Antiretroviral (ARV) Drug Resistance and HIV-1 Subtypes among Injecting Drug Users in the Coastal Region of Kenya.

HIV-1 genetic diversity results into the development of widespread drug-resistant mutations (DRMs) for the first-line retroviral therapy. Nevertheless, few studies have investigated the relationship between DRMs and HIV-1 subtypes among HIV-positive injecting drug users (IDUs). This study therefore determined the association between HIV-1 genotypes and DRMs among the 200 IDUs. Stanford HIV Drug Resistance Database was used to interpret DRMs.
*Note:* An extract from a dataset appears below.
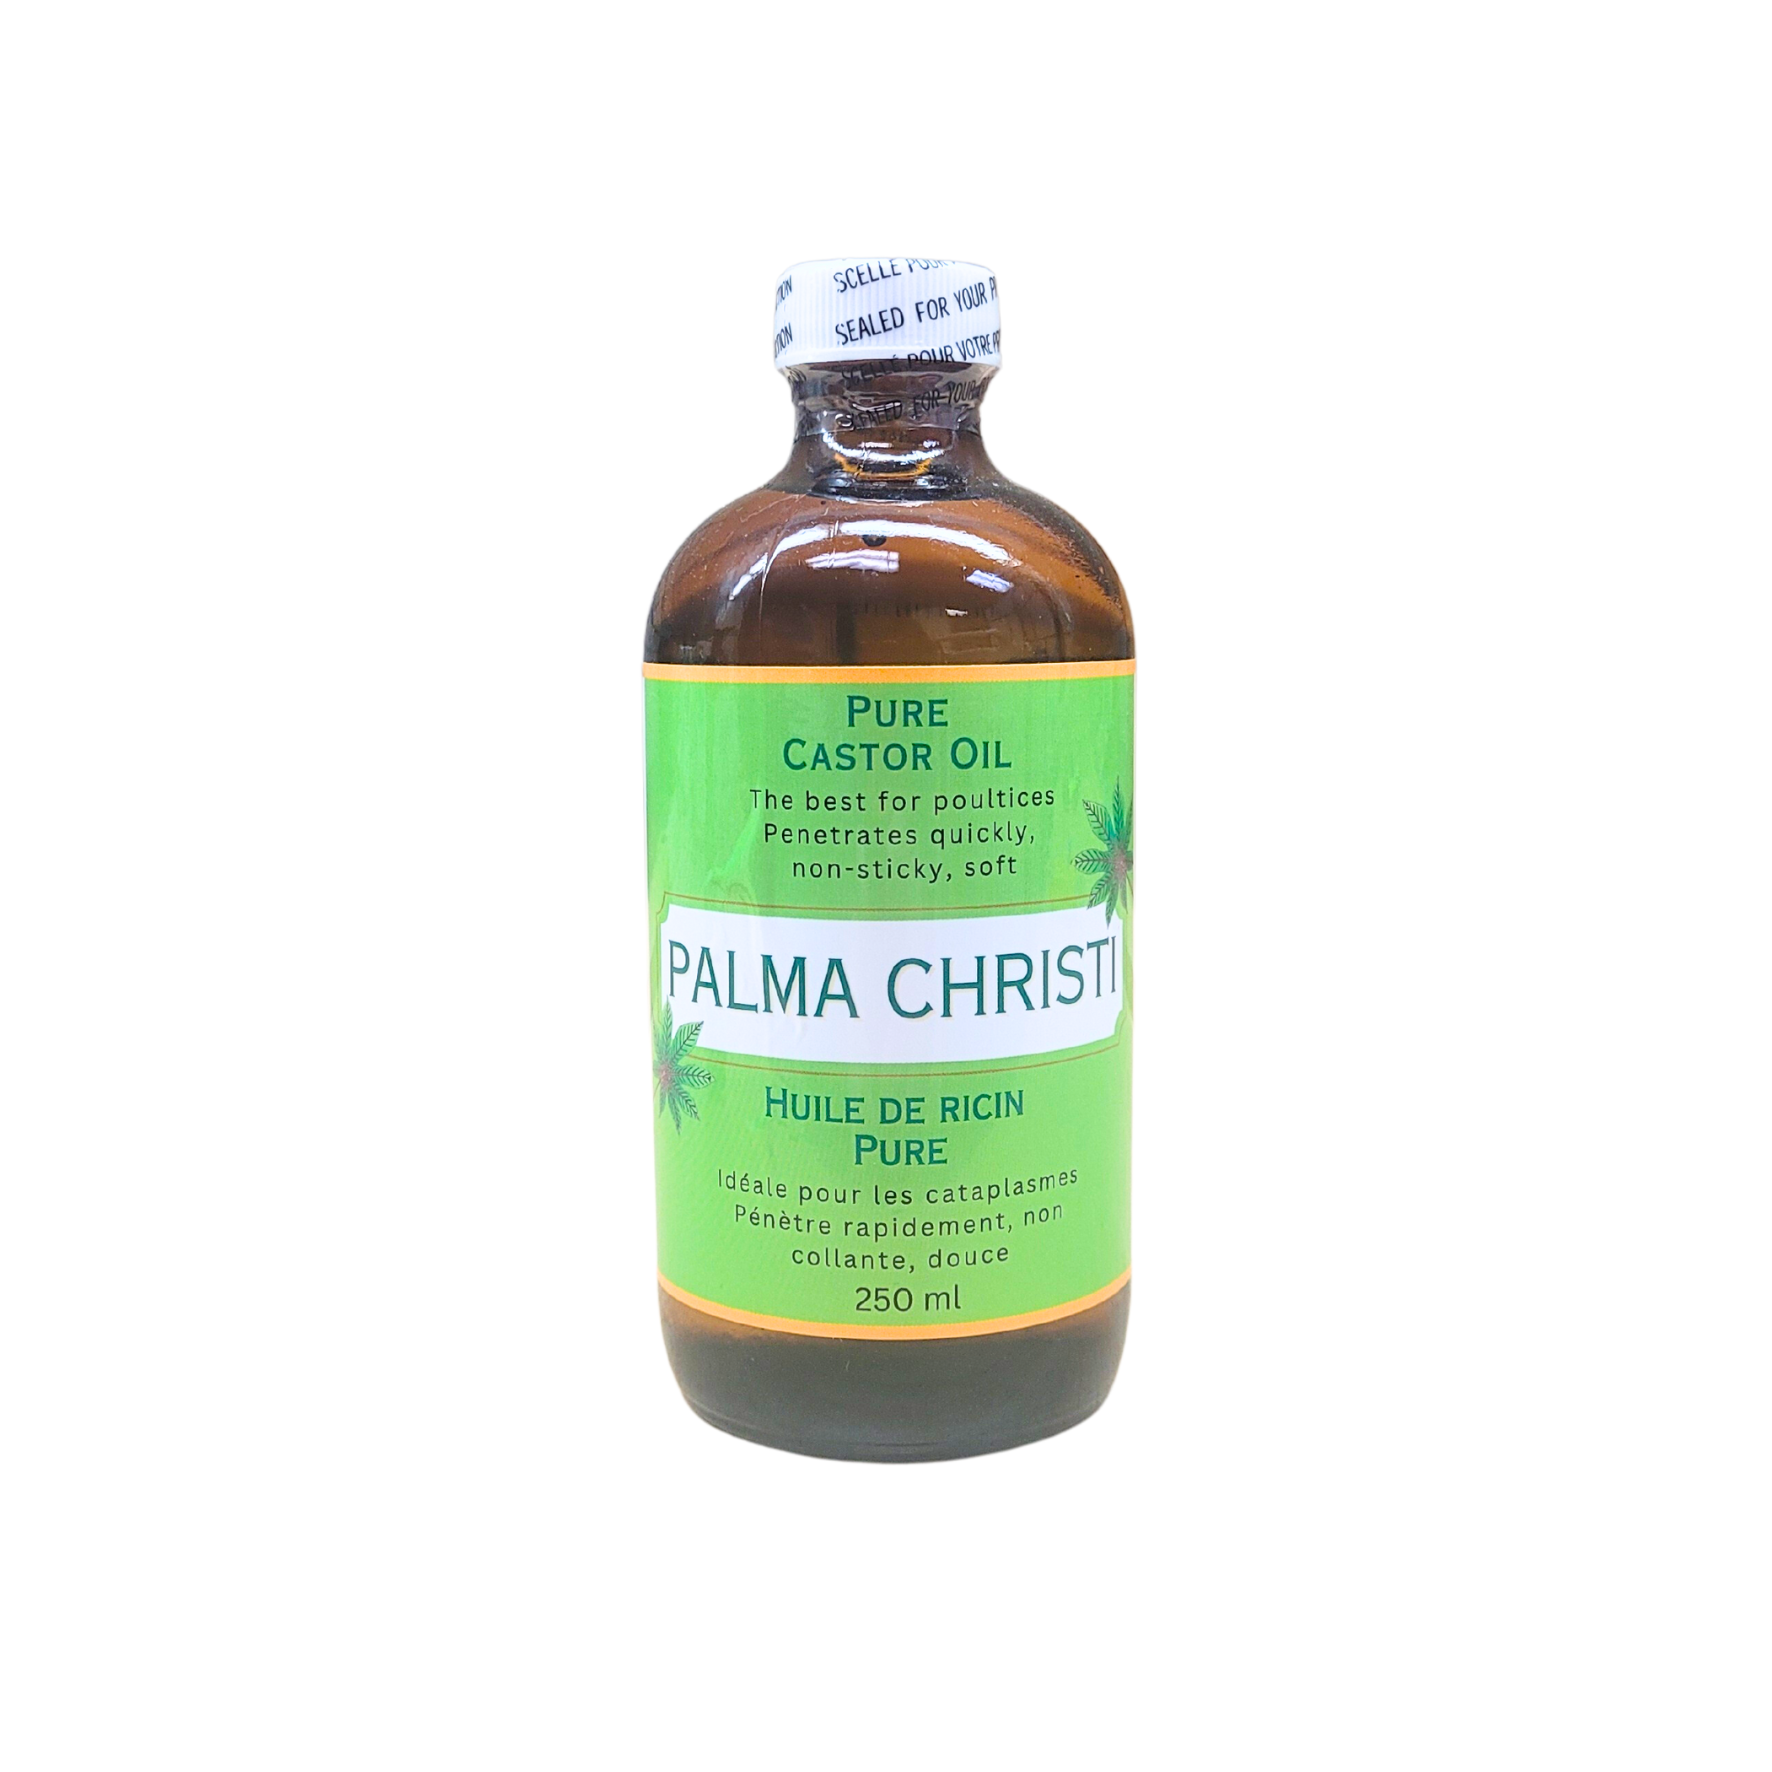 Palma christi - huile de ricin pure (anciennement l'originelle)

The five HIV-1 genotypes circulating among the IDUs were A1 (25 (53.2%)), A2 (2 (4.3%)), B (2 (4.3%)), C (9 (19.1%)), and D (9 (19.1%)). The proportions of DRMs were A1 (12 (52.2%)), A2 (1 (4.3%)), B (0 (0.0%)), C (5 (21.7%)), and D (5 (21.7%)). Due to the large proportion of drug resistance across all HIV-1 subtypes, surveillance and behavioral studies need to be explored as IDUs may be spreading the drug resistance to the general population. In addition, further characterization of DRMs including all the relevant clinical parameters among the larger population of IDUs is critical for effective drug resistance surveillance.